Shares of Sage Therapeutics (SAGE -0.10%), a clinical-stage biotech, took flight today, after the company announced positive mid-stage trial results for its moderate-to-severe major depressive disorder (MDD) treatment, dubbed "SAGE-217."
According to the company, SAGE-217 produced a highly significant mean reduction in the Hamilton Rating Scale for Depression among patients taking the drug, compared with those receiving a placebo. The drug was also reportedly well tolerated, with only a handful of patients discontinuing its use because of adverse side effects. Sage's shares ended the day higher by a noteworthy 70% on nearly 10 times the average daily volume as a result of this clinical update.
Not that long ago, Sage's stock took an absolute beating after its lead clinical candidate, brexanolone, missed the mark in a late-stage study for super-refractory status epilepticus. Since then, the biotech's stock has come roaring back following brexanolone's successful late-stage readouts for postpartum depression, and now, SAGE-217's strong midstage results in MDD released today. Put simply, Sage appears primed to continue heading higher in the weeks and months ahead.

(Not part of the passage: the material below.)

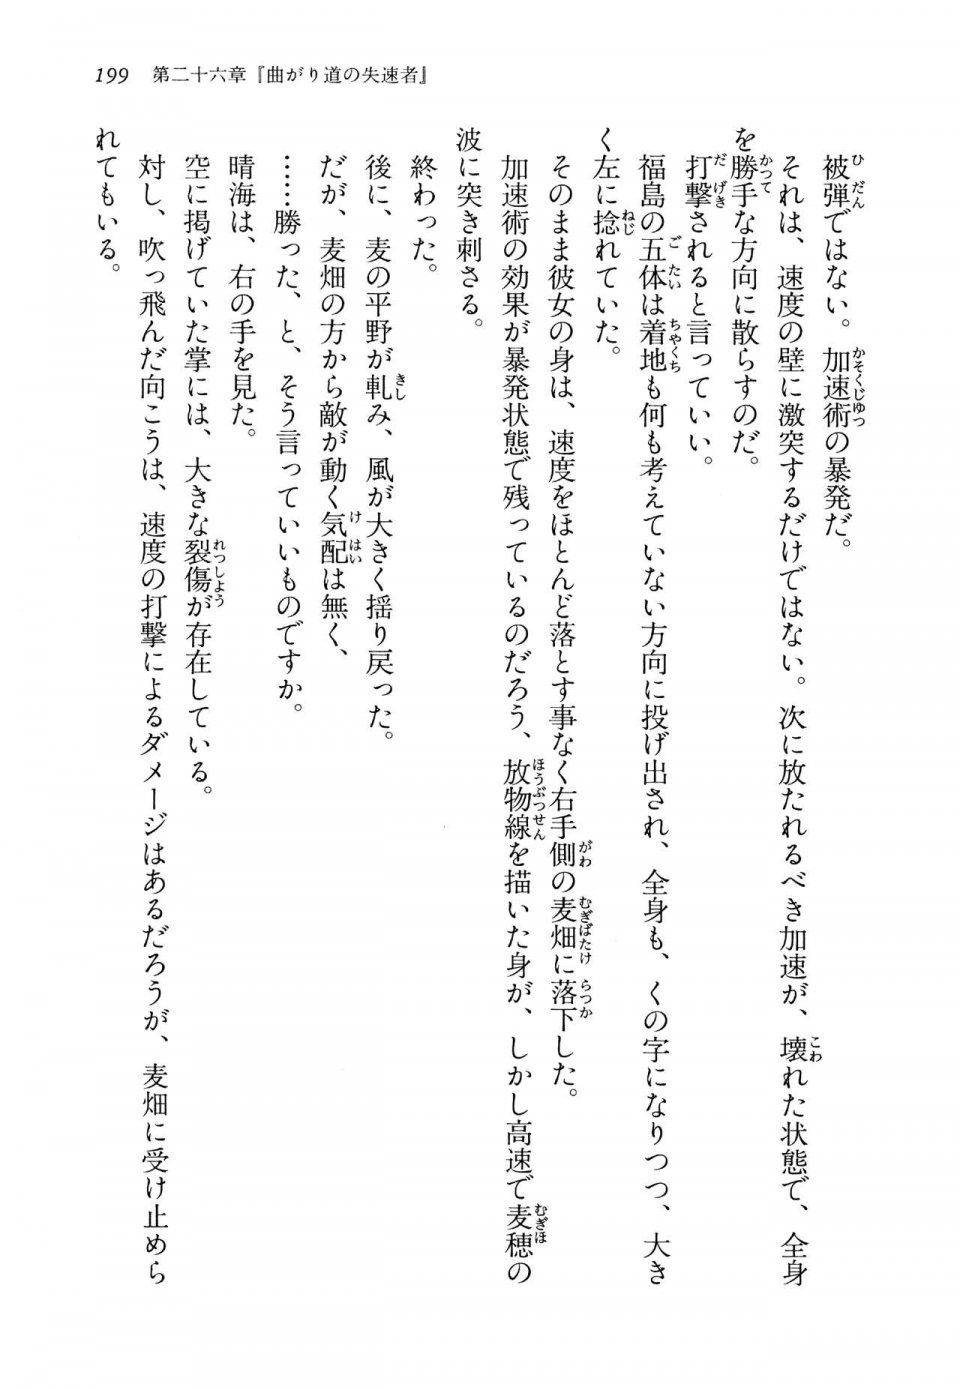 Kyoukai Senjou no Horizon LN Vol 14(6B) - Photo #199

Sage plans on advancing SAGE-217 into a pivotal late-stage trial sometime next year. In the interim, investors can also look forward to the forthcoming regulatory filing for brexanolone's postpartum depression indication in early 2018. So this small-cap biotech already has multiple catalysts on the calendar heading into 2018.
While it's normally not a smart idea to chase an emerging biotech after a sizable move, Sage may be an exception to this rule. The company recently shored up its balance sheet with a massive $345 million public offering, and the company appears to have a viable shot at bringing multiple products to market within a few short years. As such, it might be a good idea to add this red-hot biotech stock to your portfolio soon.